The ‘voice problem’: why AI writing sounds the same—and how to reclaim style
Simon notes AI-generated writing often lacks a distinct personal voice and is becoming easy to spot. Ethan argues AI does have a voice—its own—and suggests a method to approximate a user’s style via style extraction and custom instructions, while warning it can become a parody and still needs human intent and editing.
Apprenticeship just broke: the junior pipeline crisis in an AI workplace
Ethan explains why “AI-native” isn’t the advantage people assume: juniors may adopt tools quickly but lack the expertise to judge outputs. As managers delegate to AI rather than juniors, traditional grunt-work learning loops collapse, threatening how organizations develop future experts.
Art, intention, and meaning: what changes when creators aren’t human?
They explore why human-made art feels different: buyers value story, intention, and the joy of human creativity—not just the artifact. Ethan adds that AI can produce “beautiful nonsense” where audiences supply meaning that wasn’t intentionally placed there, shifting where interpretation lives.
Commoditization and the rise of taste: why brands and stars may fade
If AI makes quality ubiquitous, Simon wonders how people and companies stand out—analogous to movie stars losing pull as franchises dominate. Ethan argues that in a world of generic excellence, taste, curation, and distinct direction become central; we may care more about individual vision than large organizations.

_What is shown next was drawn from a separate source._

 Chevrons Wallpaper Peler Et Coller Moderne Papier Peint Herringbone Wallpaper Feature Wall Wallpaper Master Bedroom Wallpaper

Models, apps, and harnesses: the three-layer map of the AI ecosystem
Ethan provides a simple framework for understanding AI products: models (the brains), apps (interfaces/tools), and harnesses (capabilities like browsing, coding, file access). He notes that providers differ not just by model quality, but by tooling depth and how well AI can act on your environment.

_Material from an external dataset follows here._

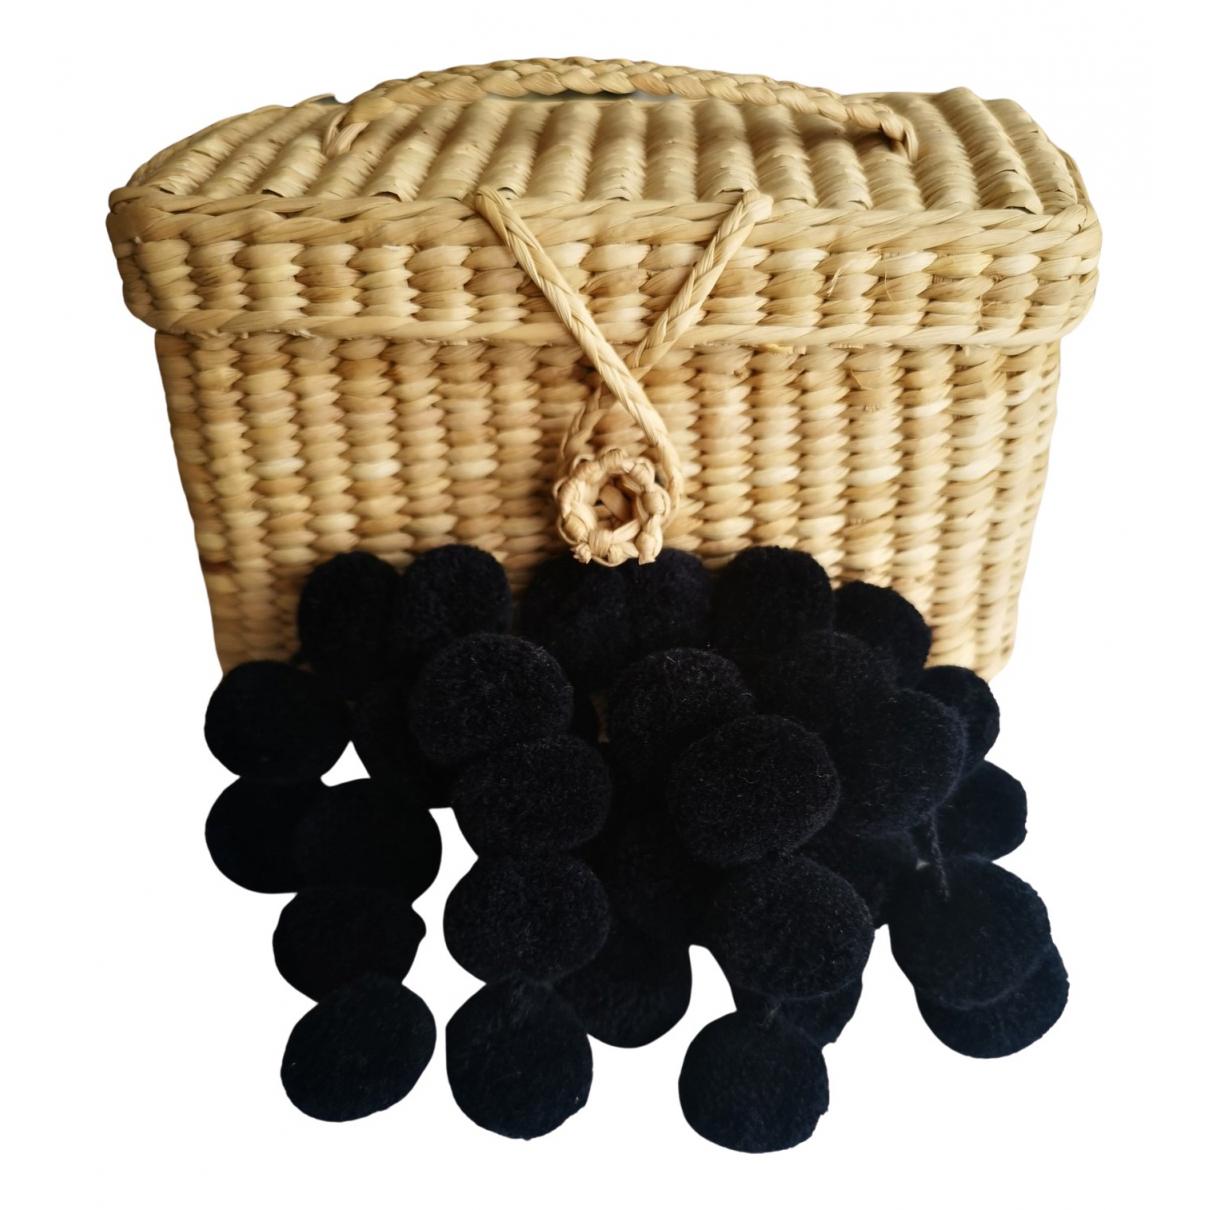 Nannacay \N Beige Wicker handbag for Women \N

Privacy, security, and trust: what risks are real when AI has your data?
They address concerns about data use, training, and whether others can “query” your private content. Ethan likens AI account security to email security: major risks include user account compromise and the expanded danger of giving agents access to systems that can take actions on your behalf.
Education in an AI era: preventing ‘answer-getting’ from replacing learning
Ethan describes his evolving classroom policies: early permissiveness broke once models matched students’ baseline performance. The solution is redesign—more in-class work, structured AI use, AI tutors that challenge rather than answer, and assignments anchored in students’ real expertise and experience.
Your brain on technology: what we give up—and why thinking can still grow
Simon worries that delegating too much to machines could erode critical thinking, not just memory. Ethan argues AI can also expand thinking by enabling high-quality conversation and personalized tutoring—if society intentionally chooses effortful learning over frictionless shortcutting.
The conversation trick: make AI debate you, critique you, and improve your reasoning
They share practical methods for using voice or chat to learn: debate at your level, but counter AI’s tendency to agree by instructing it to be a critic. Ethan adds a meta-layer: ask the AI to analyze your argument patterns and simulate different readers to stress-test clarity, rigor, and persuasion.
What keeps Ethan up at night: chaos, misinformation, and policy paralysis
Ethan’s core fear is not a single apocalyptic event but a Dickensian period of upheaval: uneven impacts, deepfakes, trust collapse, and inadequate safety nets. He emphasizes that systems are already powerful and improving quickly, while public debate and policymaking remain stuck in extremes.
Your agency in the AI revolution: build augmentation paths, not human replacements
They end by focusing on individual and organizational agency: society can shape policy, but day-to-day choices about augmentation determine whether AI improves work or simply eliminates roles. Ethan urges leaders to pursue human-thriving use cases and resist defaulting to profit-only automation, while Simon stresses authenticity and preserving real human presence.